Anthropic leadership conversation

zach-stein-perlman

Anthropic leadership conversation

post by Zach Stein-Perlman · 2024-12-20T22:00:45.229Z · LW · GW · 17 comments

This is a link post for https://www.youtube.com/watch?v=om2lIWXLLN4

  Tom Brown at 20:00 
  Daniela Amodei at 20:26
  Sam McCandlish at 21:30
  Dario Amodei at 22:00 
  Daniela Amodei at 23:25
  Chris Olah at 24:20
  Daniela Amodei at 29:04
  Jared Kaplan at 25:11
  Dario Amodei at 41:38
  Daniela Amodei at 42:08
  Dario Amodei at 48:07
None
17 comments

This is interesting and I'm glad Anthropic did it. I quoted interesting-to-me parts and added some unjustified commentary.

Tom Brown at 20:00

the US treats the Constitution as like the holy document—which I think is just a big thing that strengthens the US, like we don't expect the US to go off the rails in part because just like every single person in the US is like The Constitution is a big deal, and if you tread on that, like, I'm mad. I think that the RSP, like, it holds that thing. It's like the holy document for Anthropic. So it's worth doing a lot of iterations getting it right.

Daniela Amodei at 20:26

Some of what I think has been so cool to watch about the RSP development at Anthropic is it feels like it has gone through so many different phases and there's so many different skills that are needed to make it work, right? There's the big ideas; Dario and Paul and Sam and Jared and so many others are like, what are the principles? Like what are we trying to say? How do we know if we're right? But there's also this very operational approach to just iterating where we're like, well, we thought that we were gonna see this at this safety level, and we didn't, so should we change it so that we're making sure that we're holding ourselves accountable? And then there's all kinds of organizational things, right? We just were like, let's change the structure of the RSP organization for clearer accountability. And I think my sense is that for a document that's as important as this, right, I love the Constitution analogy, it's like there's all of these bodies and systems that exist in the US to make sure that we follow the Constitution, right? There's the courts, there's the Supreme Court, there's the presidency, there's, you know, both houses of Congress and they do all kinds of other things, of course, but there's like all of this infrastructure that you need around this one document, and I feel like we're also learning that lesson here.

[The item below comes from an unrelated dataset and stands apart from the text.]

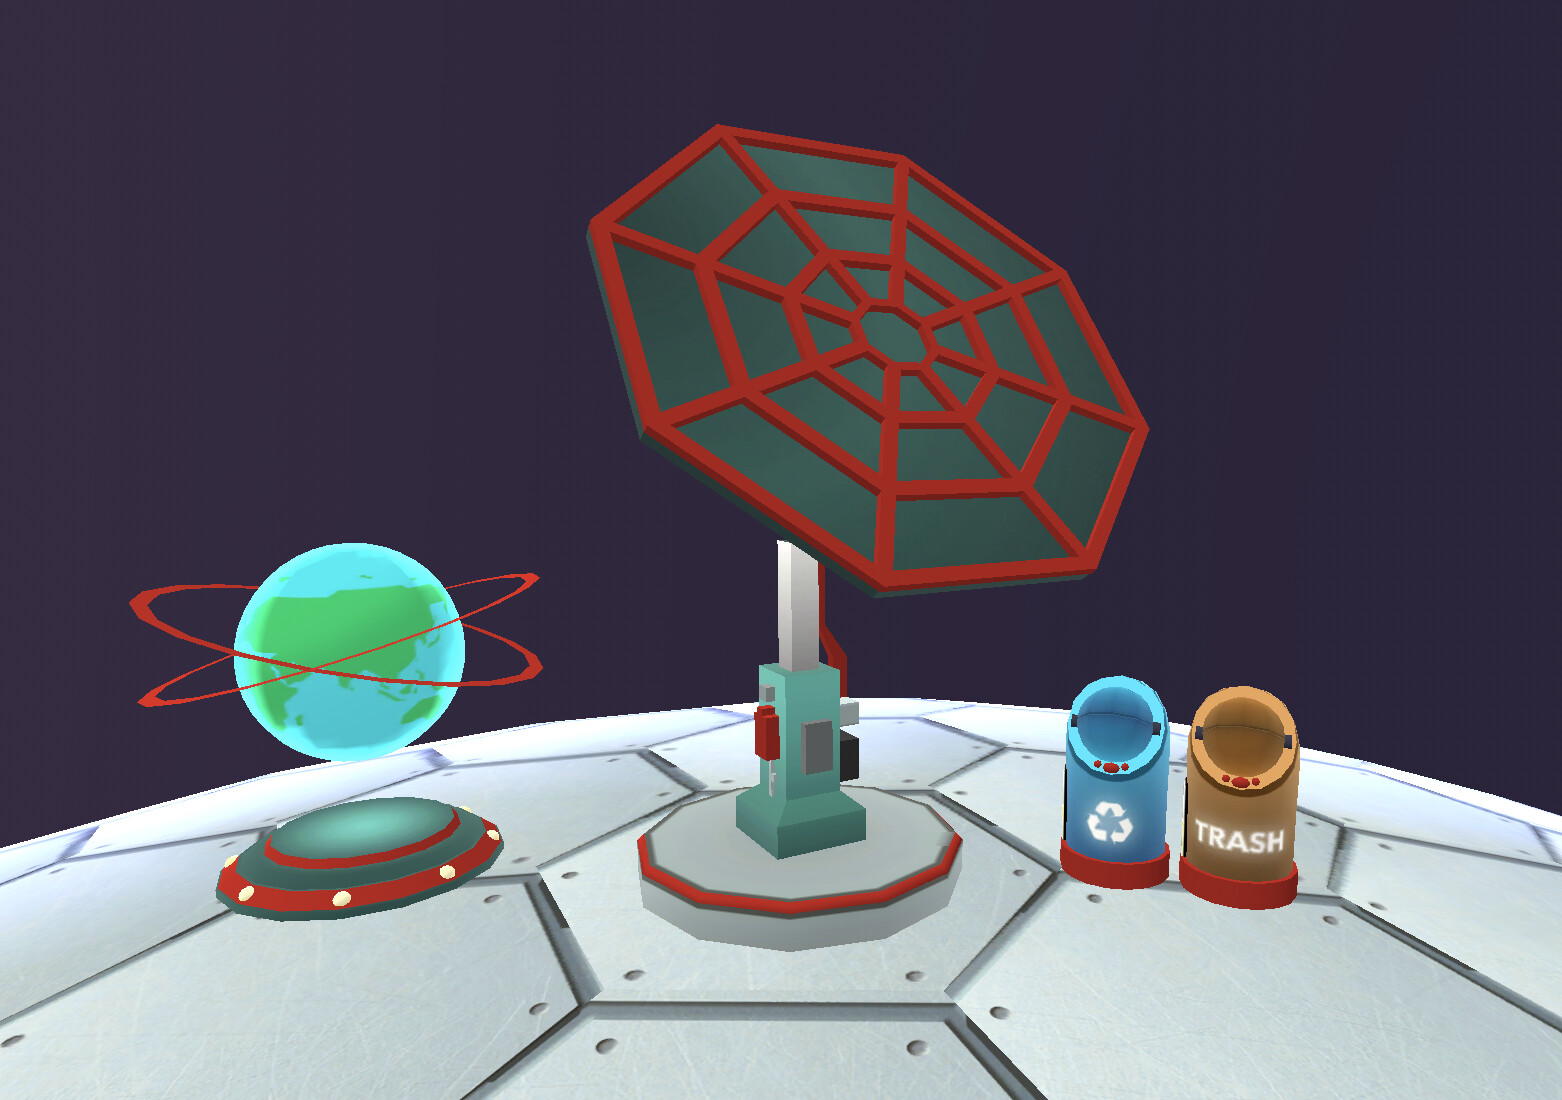 Props for MathTango Starbase from right to left: Earth Hologram, Solar Panel, and Recycling Bins
Starbase has a special feature of allowing the player to choose accent colors for props, so each area that is red on a prop can be customized by the player.

Does the new RSP promote "clearer accountability"? I guess a little; per the new RSP:

Internal and external accountability: We have made a number of changes to our previous “procedural commitments.” These include expanding the duties of the Responsible Scaling Officer; adding internal critique and external expert input on capability and safeguard assessments; new procedures related to internal governance; and maintaining a public page for overviews of past Capability and Safeguard Reports, RSP-related updates, and future plans.

But mostly the new RSP is just "more flexible and nuanced," I think.

Also, minor:

well, we thought that we were gonna see this at this safety level, and we didn't, so should we change it so that we're making sure that we're holding ourselves accountable?

I don't really understand (like, I can't imagine an example that would be well-described by this) but I'm slightly annoyed because it suggests a vibe of we have made the RSP stronger at least once.

Sam McCandlish at 21:30

[The RSP] sort of reflects a view a lot of us have about safety, which is that it's a solvable problem. It's just a very, very hard problem that's gonna take tons and tons of work. All of these institutions that we need to build up, like there's all sorts of institutions built up around like automotive safety, built up over many, many years. But we're like, Do we have the time to do that? We've gotta go as fast as we can to figure out what the institutions we need for AI safety are, and build those and try to build them here first, but make it exportable.

Dario Amodei at 22:00

[The RSP] forces unity because if any part of the org is not kind of in line with our safety values, it shows up through the RSP, right? The RSP is gonna block them from doing what they want to do, and so it's a way to remind everyone over and over again, basically, to make safety a product requirement, part of the product planning process. And so it's not just a bunch of bromides that we repeat; it's something that you actually, if you show up here and you're not aligned, you actually run into it. And you either have to learn to get with the program or it doesn't work out.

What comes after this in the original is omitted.